Moreover, the estimates of autism in this report and the male-to-female
prevalence ratios are consistent with estimates from recent
population-based studies of autism and ASD prevalence on the basis of
clinical examination and medical and educational record review (1,2).
Additionally the finding that parent-reported autism prevalence was
highest during early school age (i.e., 6--11 years) appears similar to
that of a 1996 study using medical and education record review in
metropolitan Atlanta in which peak prevalence was observed among
children aged 5--8 years (1).
The findings in this report of parental report of
diagnosed autism complement other CDC studies of the prevalence of
autism, such as population-based surveillance conducted in Atlanta and
other areas of the United States that compose the Autism and
Developmental Disabilities Monitoring (ADDM) Network.
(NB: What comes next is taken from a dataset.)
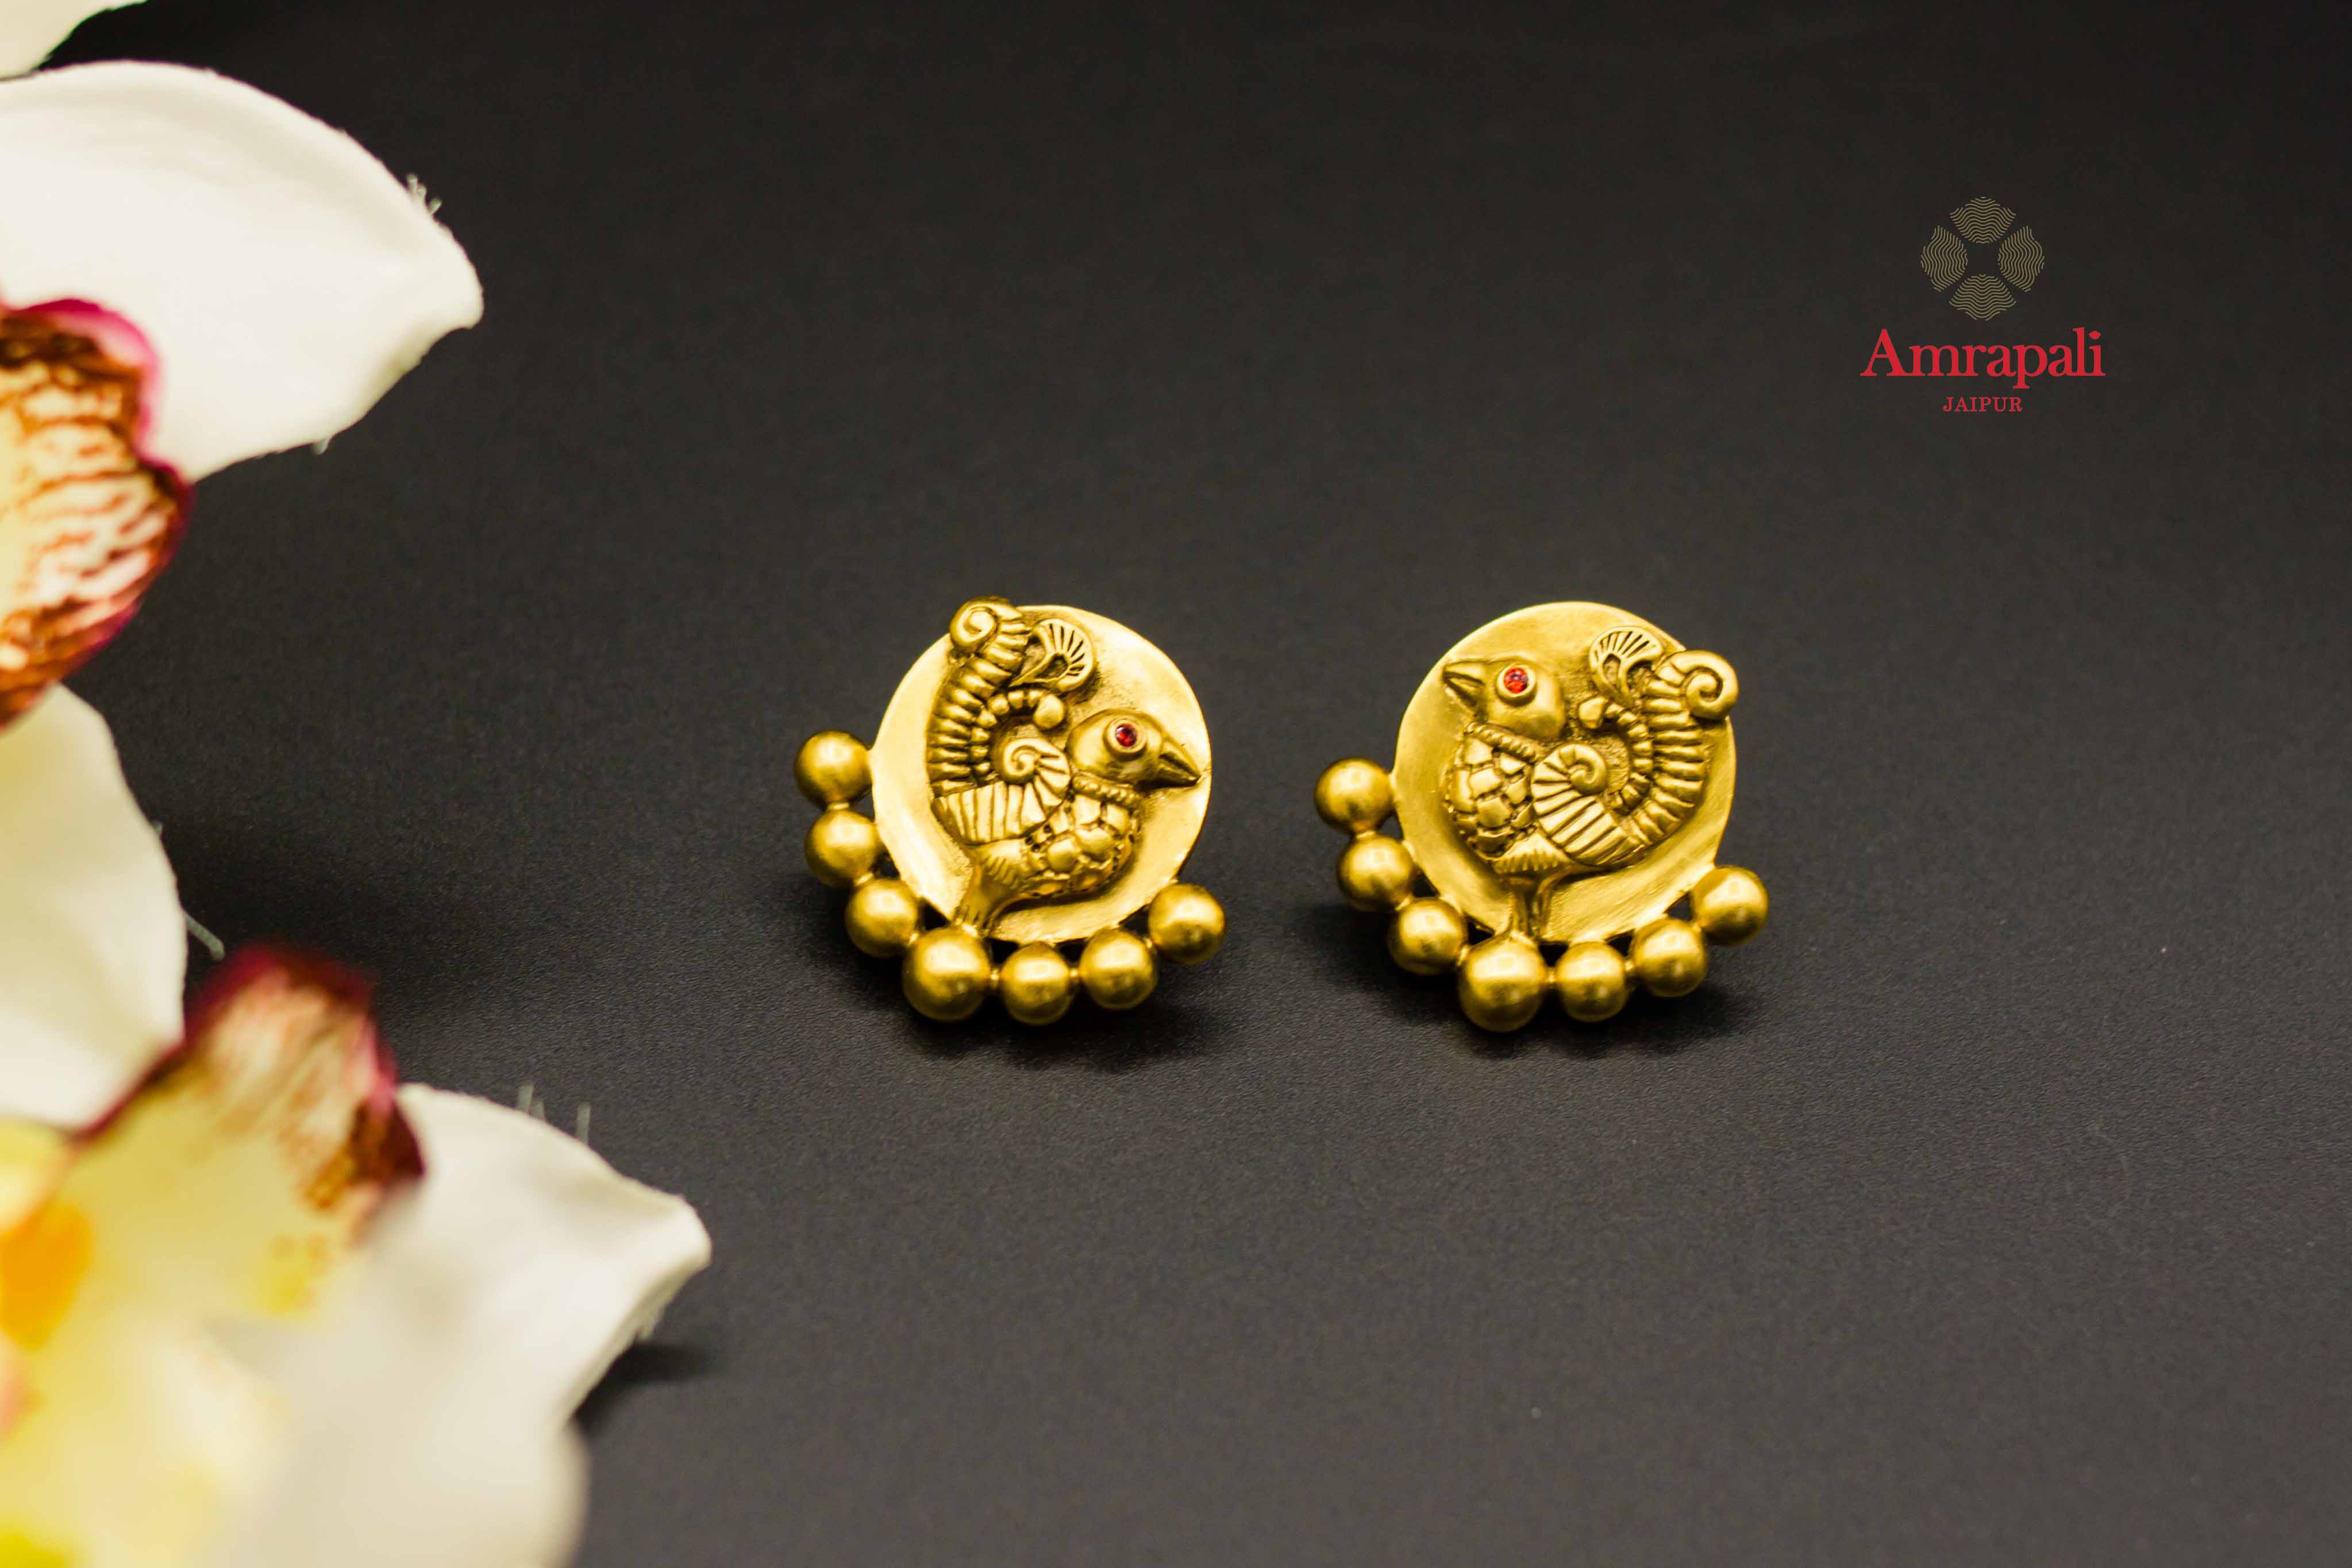 Buy Amrapali peacock design silver gold plated stud earrings online in USA. Raise your ethnic style quotient on special occasions with exquisite Indian jewelry from Pure Elegance Indian clothing store in USA. Enhance your Indian look with silver gold plated jewelry, necklaces, fashion jewelry available online.-flatlay

Estimates from
ADDM surveillance are on the basis of medical and education record
review of eligible children aged 8 years and provide more detail
regarding the prevalence of ASDs in selected U.S. populations. In
addition, ADDM surveillance provides information on the clinical
characteristics of children with ASDs and will provide data to track
ASD prevalence trends in these populations. NHIS and NSCH data
supplement ADDM data by providing national estimates of parent-reported
diagnoses of autism. Because these surveys contain information on
health-care use and family functioning, they might be helpful for
future analyses examining the impact of ASDs on children and their
families. Previous reports on parent-reported estimates of other
developmental disabilities from NHIS (9) and of
attention-deficit/hyperactivity disorder from NSCH (10)
have provided valuable data on the national prevalence and insight into
the impact of these disorders on children in the United States.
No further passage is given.